You would present to your boss. Rejected. Then the business team. Rejected. Then the client. Also rejected. And each gatekeeper had their own brand of scrutiny—screening your thoughts better than the strainers in their water purifiers they were trying to sell in the first place. Enough to keep you perpetually stressed, for years and decades at a stretch.
If you’re wondering why I stayed as long as I did—long enough to set up a decent retirement—it’s this: rejection in advertising was conducted with clinical neutrality. You could hate yourself in private, but no one (mostly) told you outright that you were a fool. That saved face. And the numbness helped too. It let you go on.
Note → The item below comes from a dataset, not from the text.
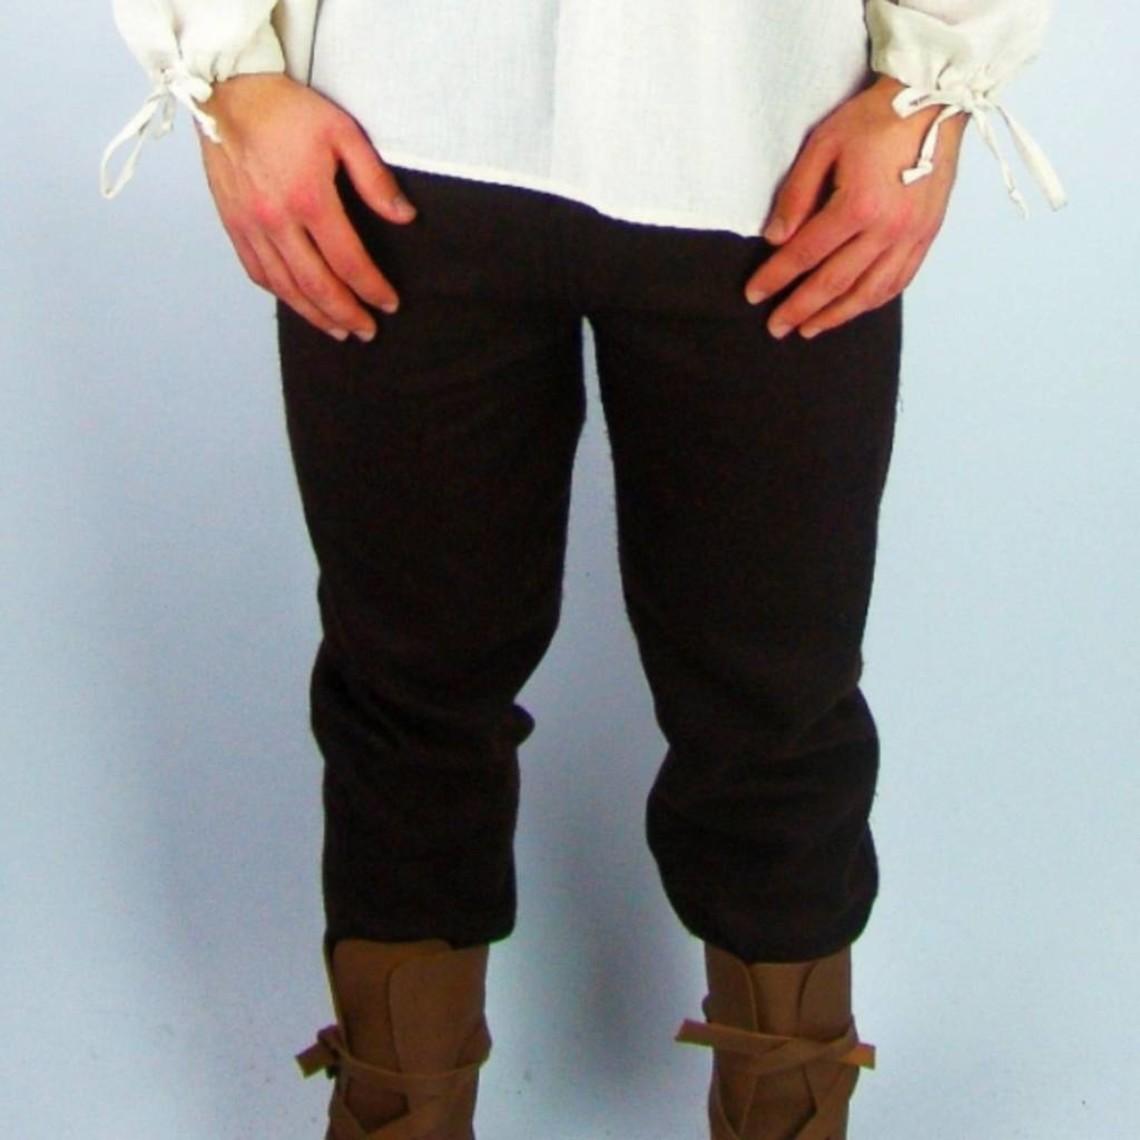 Leonardo Carbone Woolen trousers, black

But something started changing when I became a senior. I began to notice a shift. The neutrality gave way to impatience, then contempt. People tasked with reviewing my ideas—not always younger, not always brighter—began to not only throttle my work, but to make me feel insufficient. That pierced even the thickest emotional armor I had built. It hurt in a way nothing else had.
And that pain—more than anything else—is what made me quit.
A few weeks after I left, I started feeling better. Lighter. Like I had been carrying the weight of another person on my back. For decades. And I didn’t know how much that weight had taken from me emotionally. It finally felt okay to exhale.
I don’t think I can blame anyone. Not my bosses. Not my clients. Not even myself. This was a system that worked, but it wasn’t constructed with care. It wasn’t designed for sensitivity. It was built for efficiency. And maybe that’s the bigger question: Can systems of efficiency be built with sensitivity?
I’d like to believe they can—but they would require sensitive people. In advertising, you had to check your sensitivity at the door. And the tragedy? When you went back to pick it up at the end of the day, it was no longer there. It had been taken. Eaten up by the very system you thought you were building.
I suppose that’s the tragedy of corporate life.
I still miss thinking of ideas. I still miss writing. Which is why I have this blog now. My mind is still bubbling with thoughts, even if I know they’ll go nowhere. But the pain of rejection? I don’t think I have the fortitude for it anymore.
And I don’t know if that’s a good thing or a bad thing.
So be it.



" It wasn’t designed for sensitivity. It was built for efficiency. And maybe that’s the bigger question: Can systems of efficiency be built with sensitivity?" - This hits so hard and ties in with something I've been thinking about. I am not able to watch Kubrick films anymore after I learnt of what he did to both Shelley Duval and Malcolm McDowell. I didn't know when I first watched them that that was the cost of the brilliant film making I saw on the screen and knowing that feels very troubling. Is it worth all that, really, just to make a film? It really made me contemplate what we call and celebrate as achievement. It is not clear how much truth there is to the Shah Jahan story of cutting the fingers of the architect of the Taj Mahal and how much of it is just 'new India' alternative history, but that there are similar instances of cruelty in medieval history is much easier to believe. And that's the troubling part. Monuments to what exactly? We celebrate the beauty on the outside but what about the cruelty involved in the process to build what we celebrate.
Unfortunately, as I too am deeply entrenched in the corporate world and haven't yet crystallized what I would want to do if I didn't want to be part of that world anymore, I have to fight to push these thoughts away so that I can function, function in the way the efficiency machine requires of me. It is at such times that I think of a line from Magazine's brilliant You Never Knew Me that has stayed with me, "Do you want the truth, or do you want your sanity?". I have no idea what Howard Devoto really was like 'behind the curtain' but looking at how gracefully he conducted himself on stage during their 2009 reunion shows, would like to believe there are, after all, examples like his that the world may wish to follow instead...if it cared enough to.